— Князи дома Иудина, старейшины и знатные, священники и левиты народа. Мы собрались сегодня еще раз, в силу нашего древнего преимущества, судить о важном и серьезном деле. В этом верховном совете нашей земли мы сохраняем те же формы, какие переданы нам отцами с первых времен, включая даже время пребывания их в пустыне. Эти формы соблюдались во время великого пленения нашего народа. Наши победители могли запрещать их нам, но мы тотчас же восстановили их, как только получили снова независимость, и Тот, кому мы обязаны повиноваться, дал нам возможность соблюдать их. Мы не отступим ни на йоту от наших привилегий и еще менее от права судить дела жизни и смерти. Этот суд так же неотделим от нашего существования, как та скиния, которая сопровождала нас в стольких превратностях и с которой мы так тесно связаны. Низшее собрание, избирающее членов нашего учреждения, уже обсудило ужасное обвинение, созвавшее нас сюда. Члены его решили, что дело слишком серьезно, чтобы они могли судить о нем, что оно осуждает на смерть одного, если не двух членов славного дома Бен-Манагема, что оно может лишить нас вождя, которого можно по праву считать одним из самых стойких патриотов, уже доказавшим, что он храбрейший из наших защитников. Но к чему может послужить это, князи дома Иудина, старейшины и знатные, священники и левиты народа? Ужели мне не нужно прибегать к ножу, когда самая большая ветвь гниет на моем винограднике? Не следует ли мне, наоборот, отсечь ее собственной рукой и бросить в пожирающий огонь? Если мой брат виновен, неужели мне нужно защищать его в силу того, что он мой брат? Не должен ли я, наоборот, выдать его мстителю и спасти его душу? Мы все на нашем посту, мы готовы внимательно выслушать и беспристрастно обсудить все предлагаемые обвинения, каковы бы они ни были. Финеас Бен-Эзра, повелеваю тебе пересчитать твоих собратьев и назвать число их.

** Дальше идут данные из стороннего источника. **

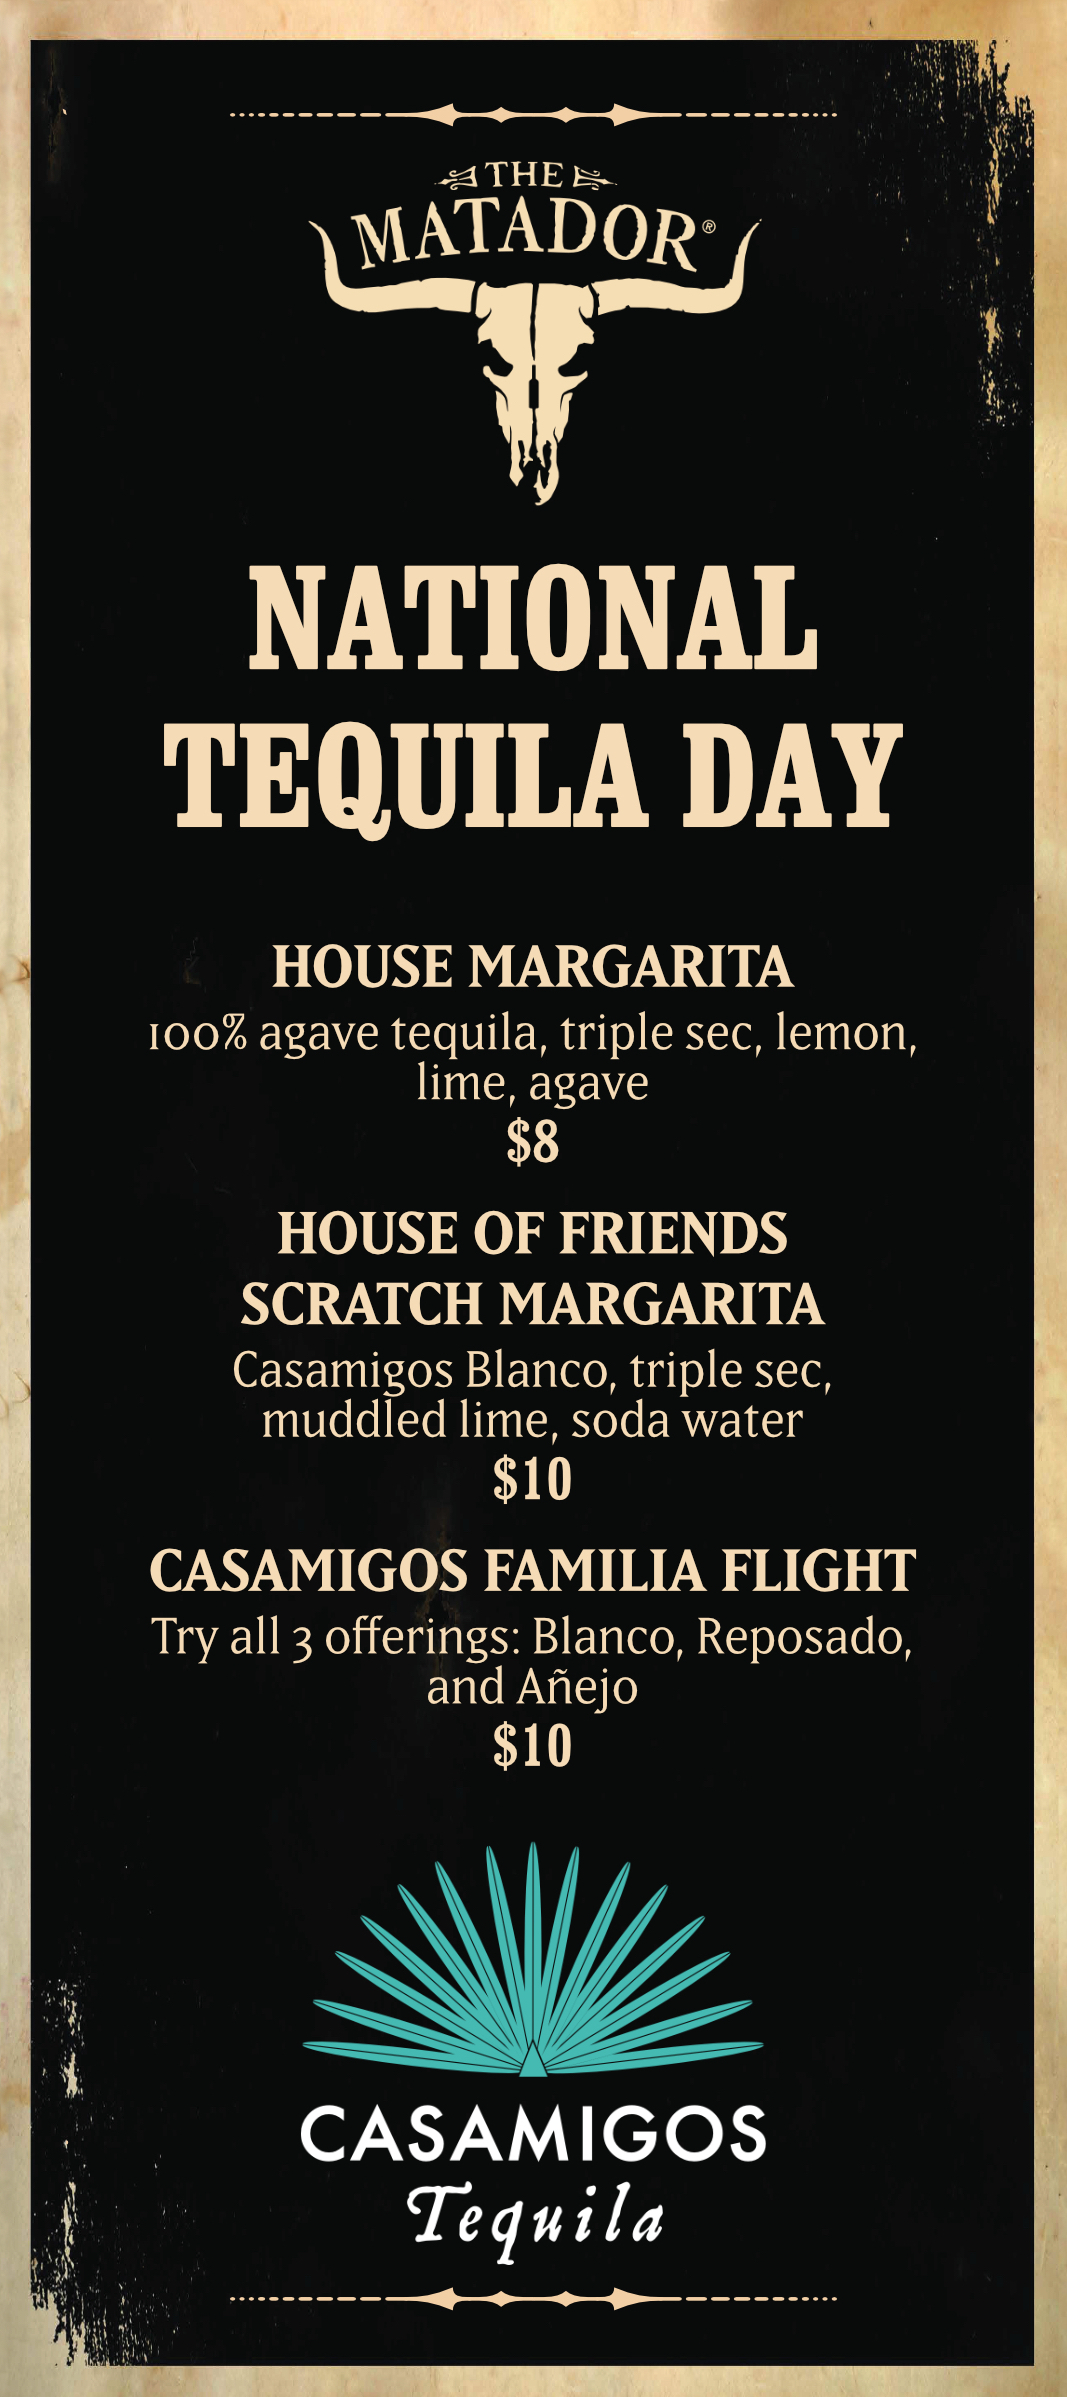 Matador National Tequila Day
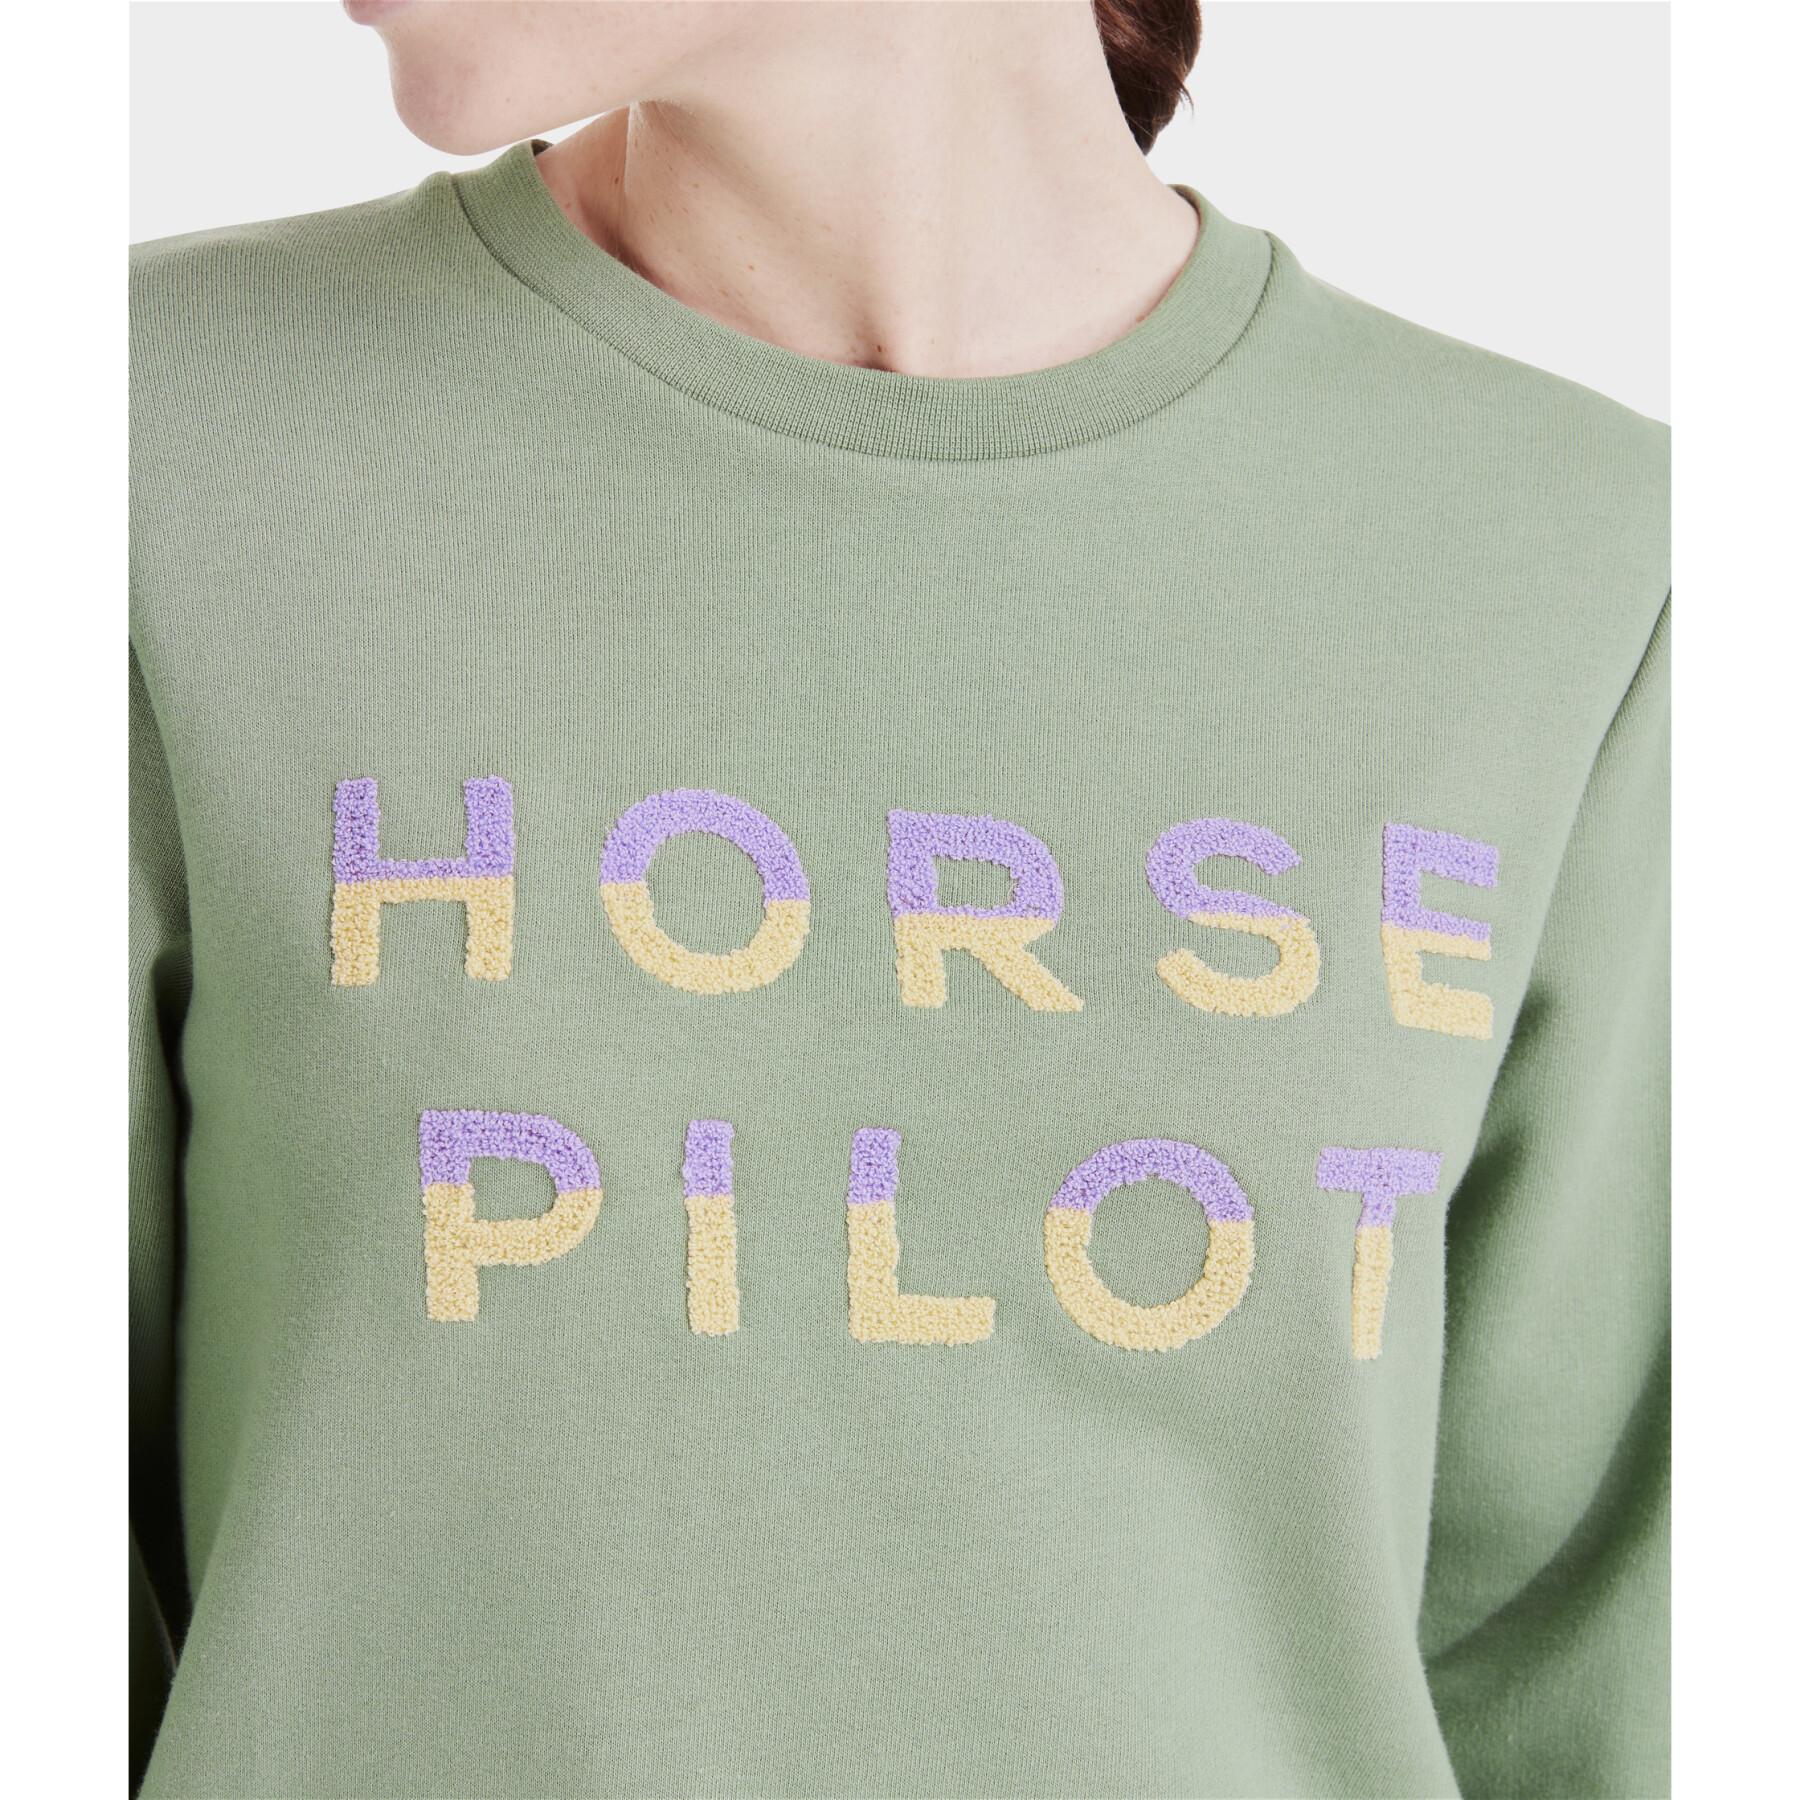 Sweatshirt damesrit Horse Pilot Team

Согласно с установившимся обычаем Финеас поднялся со своего седалища и, важно обойдя залу, пересчитал всех находившихся в ней, одного за другим, громким и торжественным голосом. Затем, видя, что число точно, он остановился перед высокой кафедрой нази и трижды сказал:
— Князь синедриона! Таинственное число исполнено!
Председатель снова обратился к нему:
— Финеас Бен-Эзра! Готовы ли мы судить всякое дело по преданиям нашего закона и по строгой букве его? Выскажем ли мы в решениях нелицеприятную мудрость и беспощадное правосудие?
Тогда весь синедрион в один голос повторил:
— Мудрость без лицеприятия и правосудие без пощады!
Председатель сел снова и опять посмотрел на Финеаса, который первый обязан был дать свое мнение. Последний, в ответ на его взгляд, тотчас же поднялся и обратился к своим собратьям почтительным тоном, который казался бы почти неуместным в устах такого почтенного человека, если бы его не окружали еще более престарелые люди.
— Я только ученик, — сказал он, — сидящий у ног учителя, перед лицом Матиаса, сына Боеса, и моих достопочтенных собратий. Подчиняясь их опытности, я дерзаю сделать только один вопрос, не решаясь высказывать своего мнения о его важности. Синедрион вправе судить одного из своих членов, но законно ли этому последнему оставаться в ряду и присутствовать, так сказать, на своем суде?
Элеазар, присутствовавший в это время в зале и сидевший на своем месте в качестве члена верховного учреждения, почувствовал, что нападение направляется прямо против него. Он знал злокозненность оратора и его завистливую вражду к зилотам и понимал, какой опасностью грозило ему исключение из будущих совещаний. Он уже готов был подняться и с негодованием протестовать против такого заявления, но Матиас предупредил его, ответив недовольным, резким тоном Финеасу:
— В самом деле, только учеником, недостойным чести сделаться учителем синедриона, может быть тот, кто еще не знает, что на наши совещания не должно влиять ничто, слышанное или виденное нами вне этой залы, что в нашей священной обязанности мы должны признавать только изложенные здесь доводы. Финеас Бен-Эзра, трибунал собран. Введи обвинителя и обвиненных. Ужели тебе нужно напоминать, что мы еще не знаем, какое дело нам нужно обсуждать?
Решение нази, согласное с обычаями, дало Элеазару свободную минуту, и он уже начертал план действий. Но, хотя ум его был в сильном напряжении, он сидел безмятежно, и вся наружность его говорила о спокойствии и самоуверенности. Занавес снова раздвинулся, и шум шагов возвестил о приближении обвинителя и обвиняемых.